Neruda
amava brincar com as palavras.
“Sim
senhor, tudo o que queira, mas são as palavras as que contam, as que
sobem e baixam... Prosterno-me diante delas... Amo-as, uno-me a elas,
persigo-as, mordo- -as, derreto-as... Amo tanto as palavras... As
inesperadas... As que avidamente a gente espera, espreita até que de
repente caem... Vocábulos amados... Brilham como pedras coloridas,
saltam como peixes de prata, são espuma, fio, metal, orvalho...
Persigo algumas palavras.
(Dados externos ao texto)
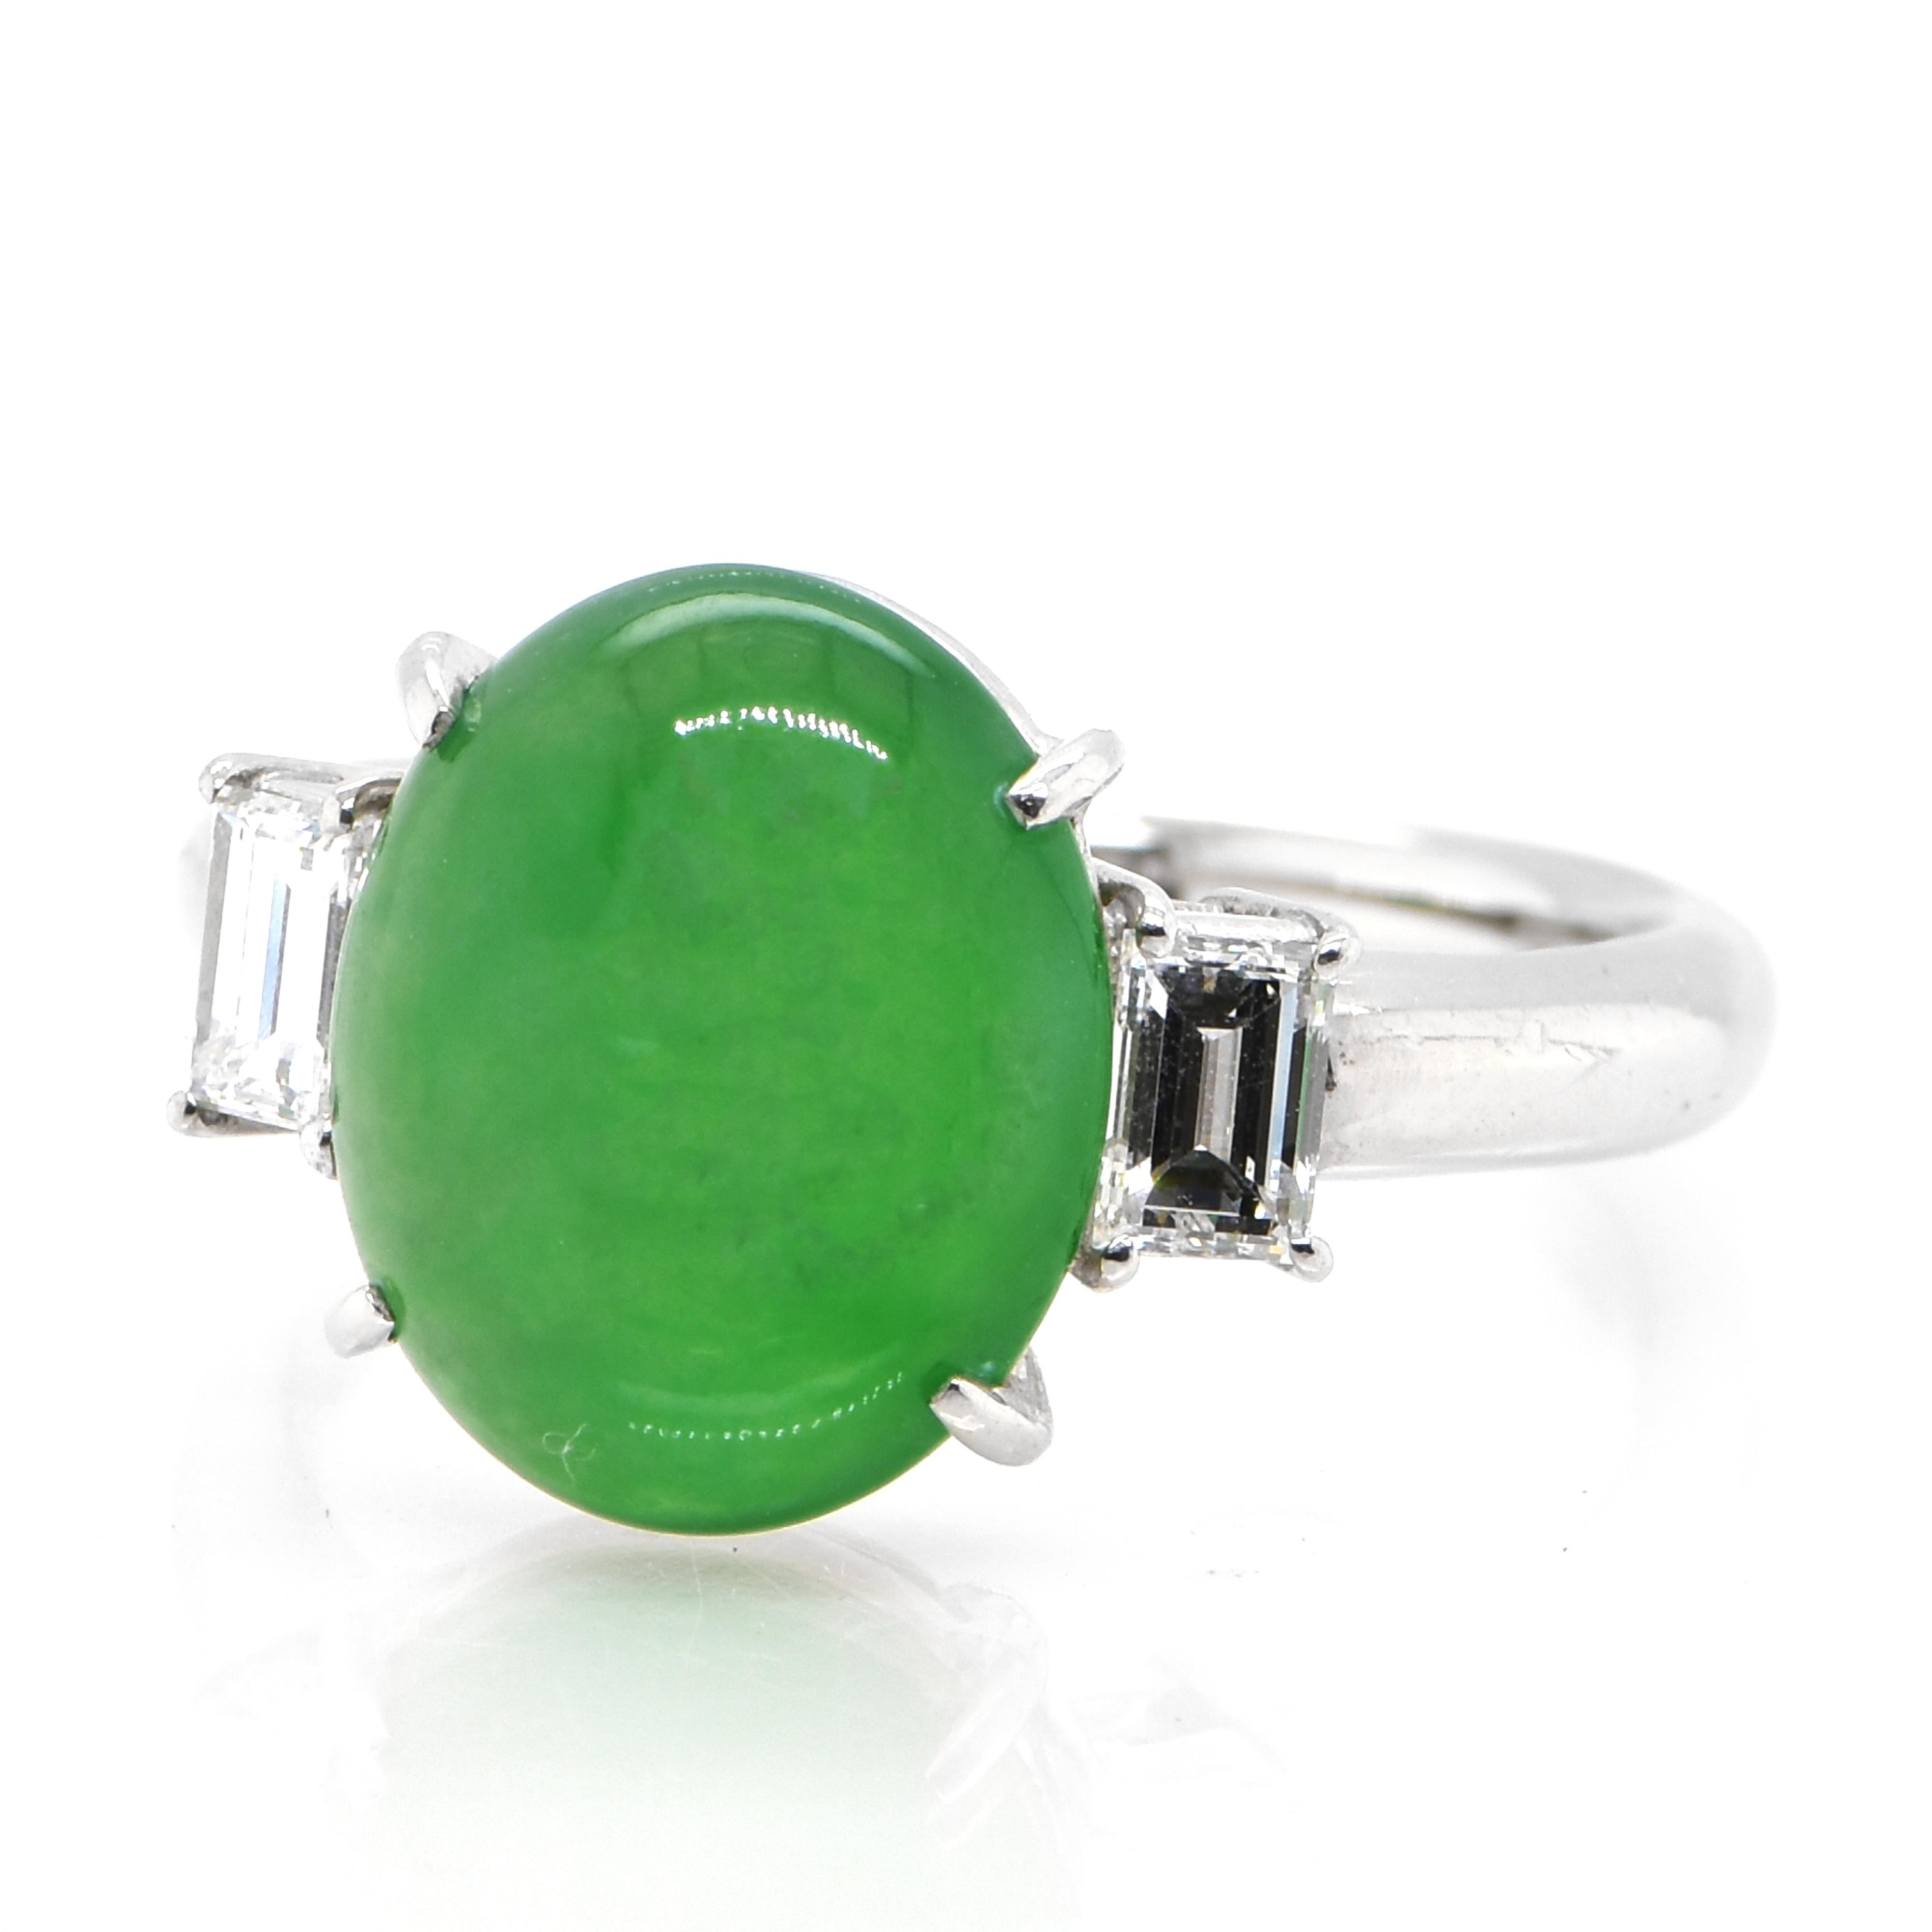 A beautiful Ring featuring a 4.153 Carat, Natural, Non-dyed Jadeite and 0.426 Carats of Diamond Accents set in Platinum. Jadeite has been cherished for millennia. Its nature is pure and enduring, yet sensuous and luxurious. Jadeite’s exceptional

São tão belas que quero colocá-las todas
em meu poema... Agarro-as no voo, quando vão zumbindo, e capturo-as,
limpo-as, aparo-as, preparo-me diante do prato, sinto-as cristalinas,
vibrantes, ebúrneas, vegetais, oleosas, como frutas, como algas,
como ágatas, como azeitonas... E então as revolvo, agito-as,
bebo-as, sugo-as, trituro-as, adorno-as, liberto-as... Deixo-as, como
estalactites em meu poema, como pedacinhos de madeira polida, como
carvão, como restos de naufrágio, presentes da onda... Tudo está
na palavra...” (Pablo Neruda, Confesso que vivi, p. 51).
As
coisas que dão prazer sem ter nenhuma utilidade têm o nome de
brinquedos. Empinar uma pipa, rodar pião, jogar sinuca, armar
quebra-cabeças, pular corda, jogar xadrez. Haverá atividades mais
tolas que essas? Tolas, sim, quando analisadas do ponto de vista da
razão instrumental: ao final, tudo fica do mesmo jeito. Nada é
produzido. A Feira das Utilidades declara: “Aqui não há lugar
para tais atividades”. São inúteis. Não servem para nada. Mas o
corpo discorda. As ideias do meu corpo não são as ideias da minha
cabeça. De fato, o mundo fica do mesmo jeito, diz o corpo. Mas não
eu. Eu fico alegre. E a alegria se basta. Ela não deseja nada além
dela! E assim, alegremente, o corpo deixa o trabalho para brincar. Um
brinquedo é um objeto com que se faz amor, um objeto amado. E “cada
objeto amado é o centro de um paraíso”, diz Novalis. O Paraíso
mora dentro de uma caixa de brinquedos.